Use config.Config (JSON or env):

provider — default for all tasks.
stt_provider, llm_provider, tts_provider — override per task.
model — chat/LLM model (e.g. gpt-3.5-turbo, mistral-small-latest, deepseek-chat).
stt_model, tts_model, tts_voice — task-specific when supported.
api_keys — map of service name to API key; otherwise keys are read from environment.

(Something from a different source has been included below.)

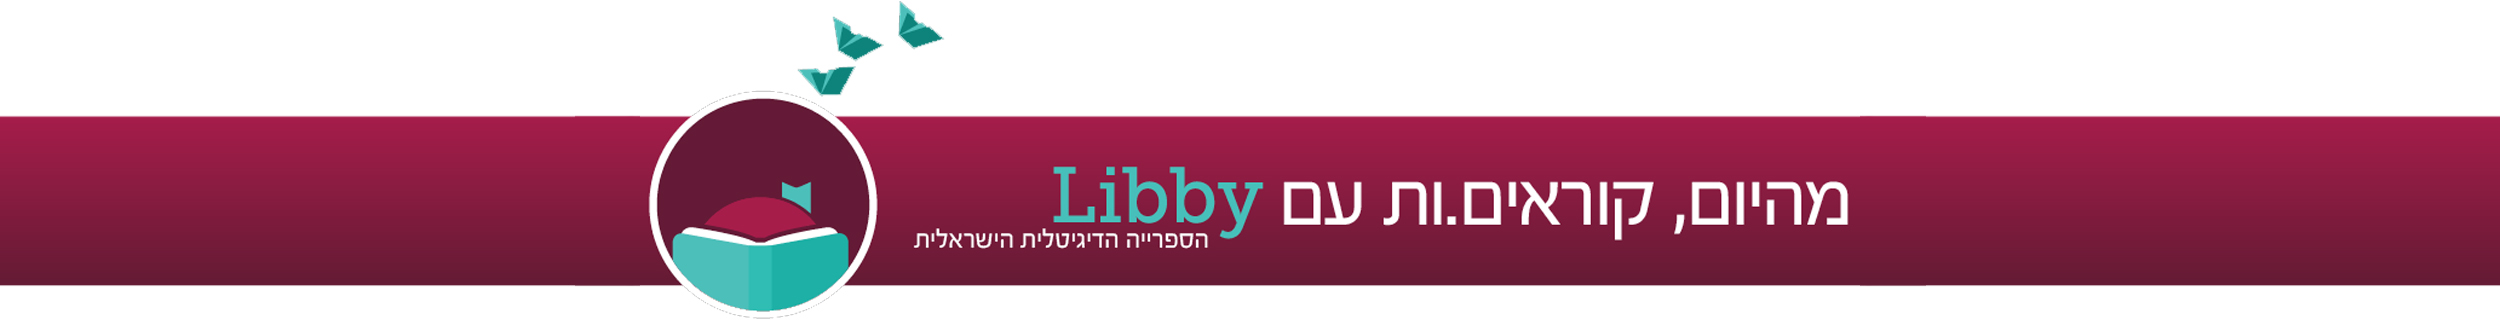 הספרייה הדיגיטלית הישראלית

Environment variables (fallback when not in `api_keys`)

Provider	Env var
openai	OPENAI_API_KEY
groq	GROQ_API_KEY
sarvam	SARVAM_API_KEY
grok (xai)	XAI_API_KEY
cerebras	CEREBRAS_API_KEY
elevenlabs	ELEVENLABS_API_KEY
aws	AWS_SECRET_ACCESS_KEY, AWS_REGION (optional, default us-east-1)
mistral	MISTRAL_API_KEY
deepseek	DEEPSEEK_API_KEY
ollama	OLLAMA_API_KEY (optional), OLLAMA_BASE_URL (optional, default http://localhost:11434/v1)
qwen	DASHSCOPE_API_KEY or QWEN_API_KEY, DASHSCOPE_BASE_URL (optional)
whisper	WHISPER_API_KEY or OPENAI_API_KEY, WHISPER_BASE_URL (optional)
asyncai	ASYNC_AI_API_KEY, ASYNC_AI_BASE_URL (optional)
camb	CAMB_API_KEY, CAMB_BASE_URL (optional)
fish	FISH_API_KEY, FISH_BASE_URL (optional)
gradium	GRADIUM_API_KEY, GRADIUM_BASE_URL (optional)
hume	HUME_API_KEY
inworld	INWORLD_API_KEY
minimax	MINIMAX_API_KEY, MINIMAX_BASE_URL (optional)
moondream	MOONDREAM_API_KEY, MOONDREAM_BASE_URL (optional)
neuphonic	NEUPHONIC_API_KEY, NEUPHONIC_BASE_URL (optional)
openpipe	OPENPIPE_API_KEY
soniox	SONIOX_API_KEY, SONIOX_WS_URL (optional), SONIOX_MODEL (optional)
xtts	XTTS_BASE_URL (optional, default http://localhost:8000 for local server)

Usage

cfg, _ := config.LoadConfig("config.json")
// Or build manually:
cfg := &config.Config{
    LlmProvider: services.ProviderMistral,
    Model:       "mistral-small-latest",
}

llm := services.NewLLMFromConfig(cfg, cfg.LLMProvider(), cfg.Model)
stt := services.NewSTTFromConfig(cfg, cfg.STTProvider())
tts := services.NewTTSFromConfig(cfg, cfg.TTSProvider(), cfg.TTSModel, cfg.TTSVoice)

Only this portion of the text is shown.